The Trump administration has aggressively decided to dismantle the USAID in recent weeks, trying to put thousands of employees for direct USAID rental on leave and by removing dozens of entrepreneurs working for the agency. Last Friday, a federal judge temporarily blocked these plans and interrupted the accelerated dismissal of staff members of countries around the world.
Although the Monday IG report notes that the office has long “identified significant challenges and has offered recommendations to improve agency programming to prevent fraud, waste and abuses”, it is clear that reduction USAID staff and the freezing of foreign aid had a negative impact on surveillance efforts.
“The recent generalized reductions of staff through the agency … coupled with uncertainty about the scope of foreign assistance derogations and authorized communications with the performers have degraded the ability of the USAID to distribute and protect the Humanitarian aid funded by taxpayers, ”says the report.
USAID demands that programs in Afghanistan, Iraq, Lebanon, Pakistan, Syria, West Bank and Gaza, and Yemen receive “partners ‘verification”, to ensure that taxpayers’ funds do not Do not end up supporting groups like Hamas, Hezbollah, Isis, or Houthis. According to the report, these verification efforts stop due to the reduction of USAID staff.

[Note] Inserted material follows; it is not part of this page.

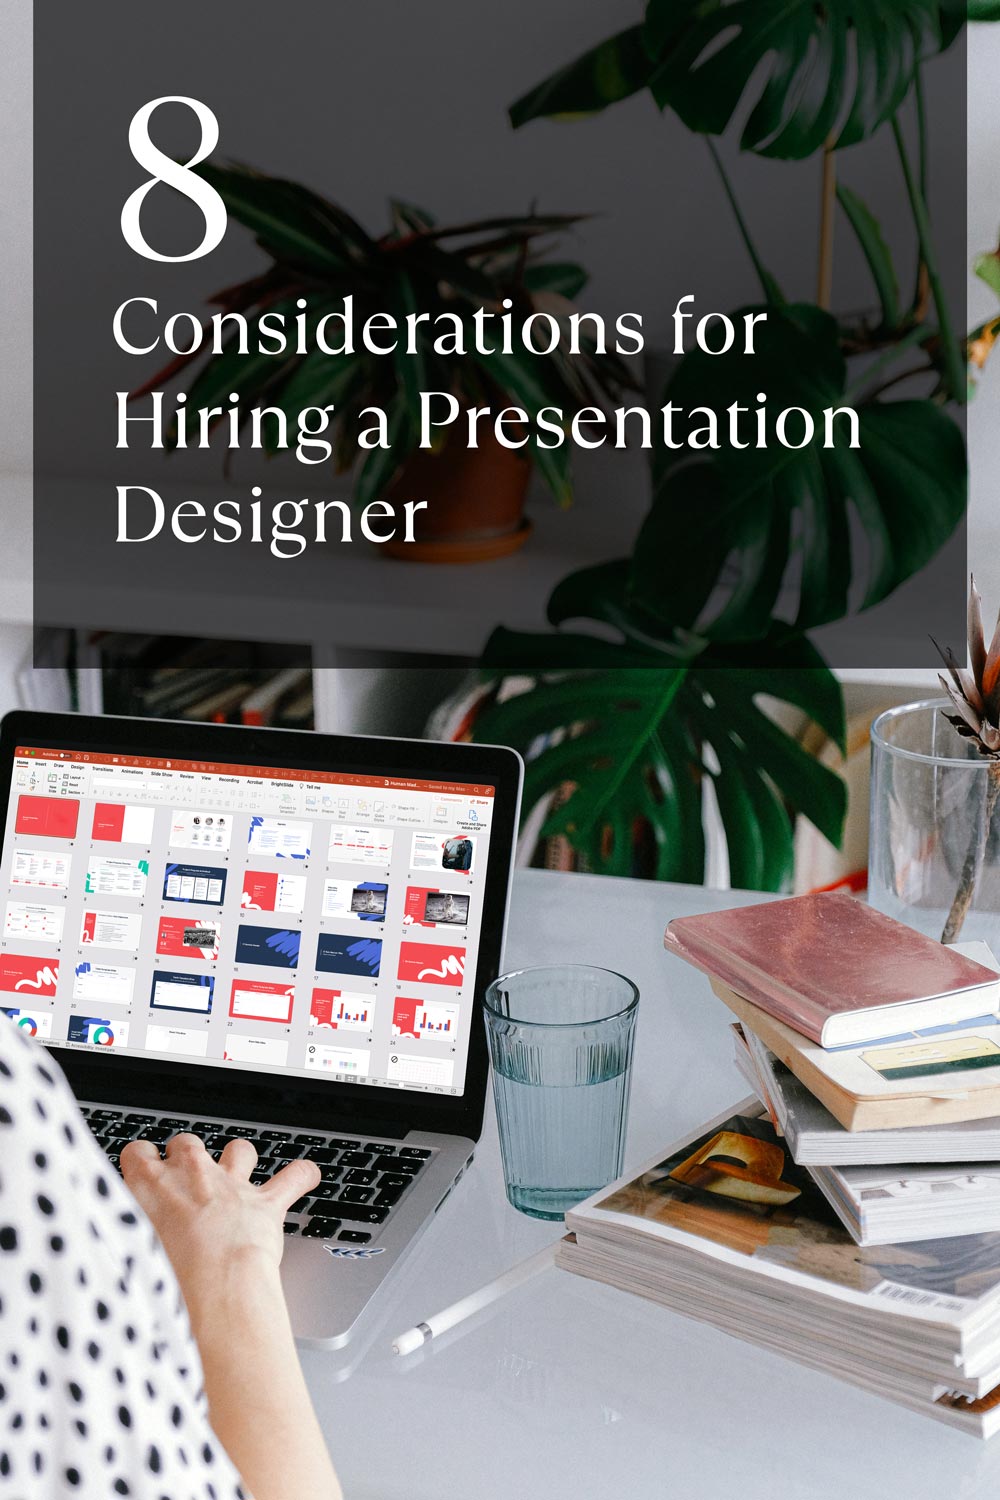 8 considerations for hiring a presentation designer text on closeup image of woman working on her computer infront of powerpoint slides

The vast majority of the workforce of more than 1,000 people at the USAID humanitarian assistance office (BHA) has already been affected by leave or to be on leave, according to the report.

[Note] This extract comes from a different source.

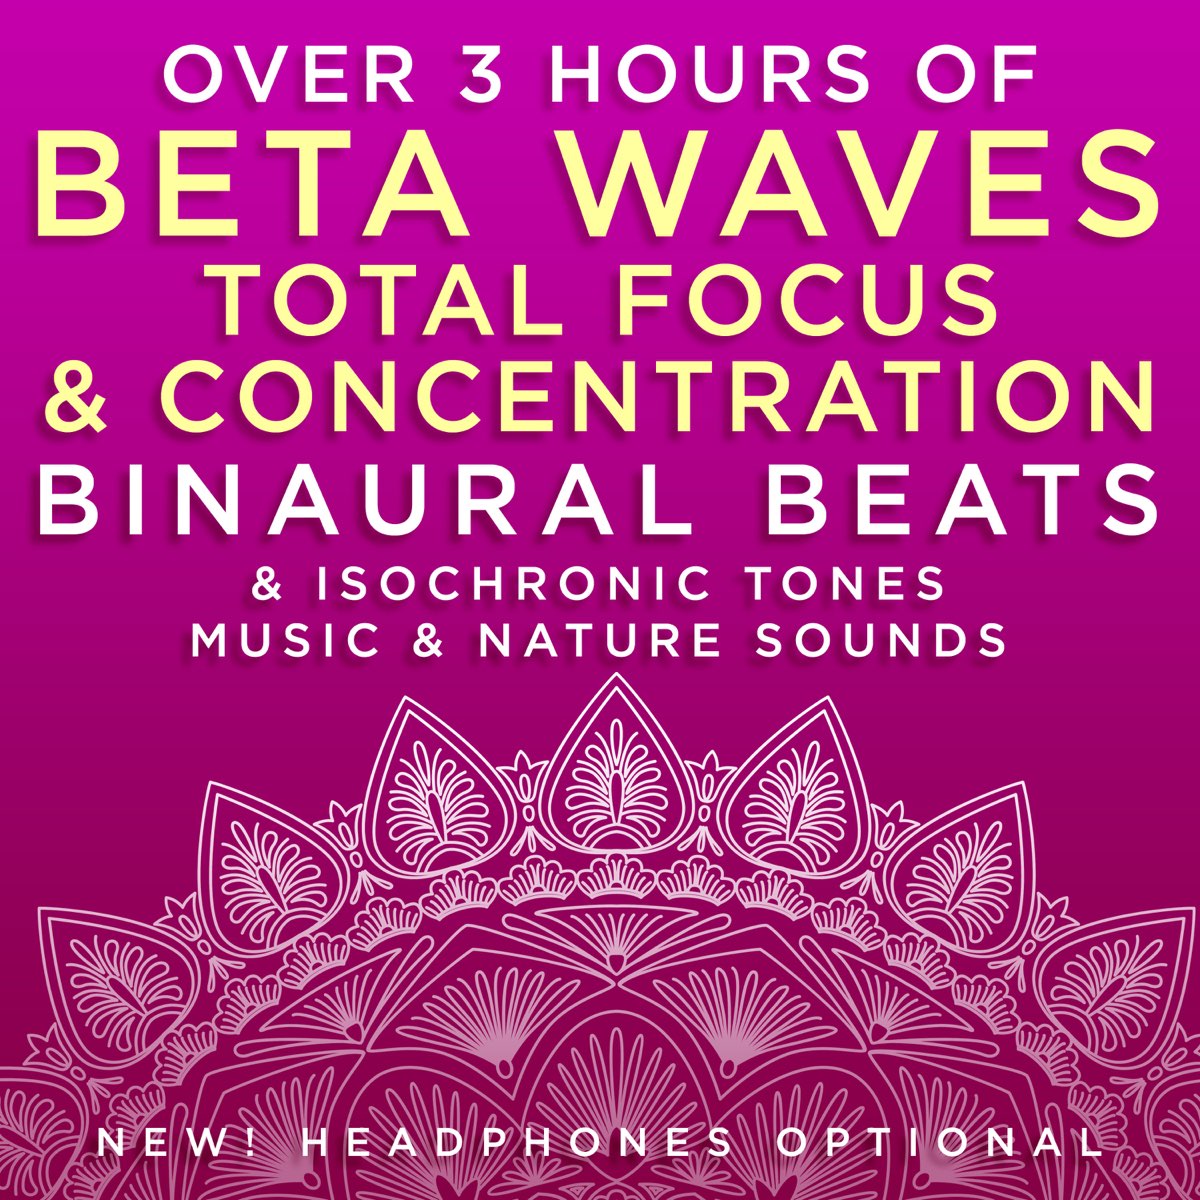 Over 3 Hours of Beta Waves Total Focus & Concentration Binaural Beats & Isochronic  Tones Music & Nature Sounds by Binaural Beats Research & David & Steve  Gordon on Apple Music

“Collectively, the actions of the staff executed and planned would eliminate, temporarily or definitively, around 90% of BHA’s global workforce,” he said.
This reduction in the endowment has also had a negative impact on the agency’s ability to respond to the reports of an abusive potential use of humanitarian funding.
This story has been updated with additional information.
Piper Hudspeth Blackburn of CNN and Kit Maher contributed to this report.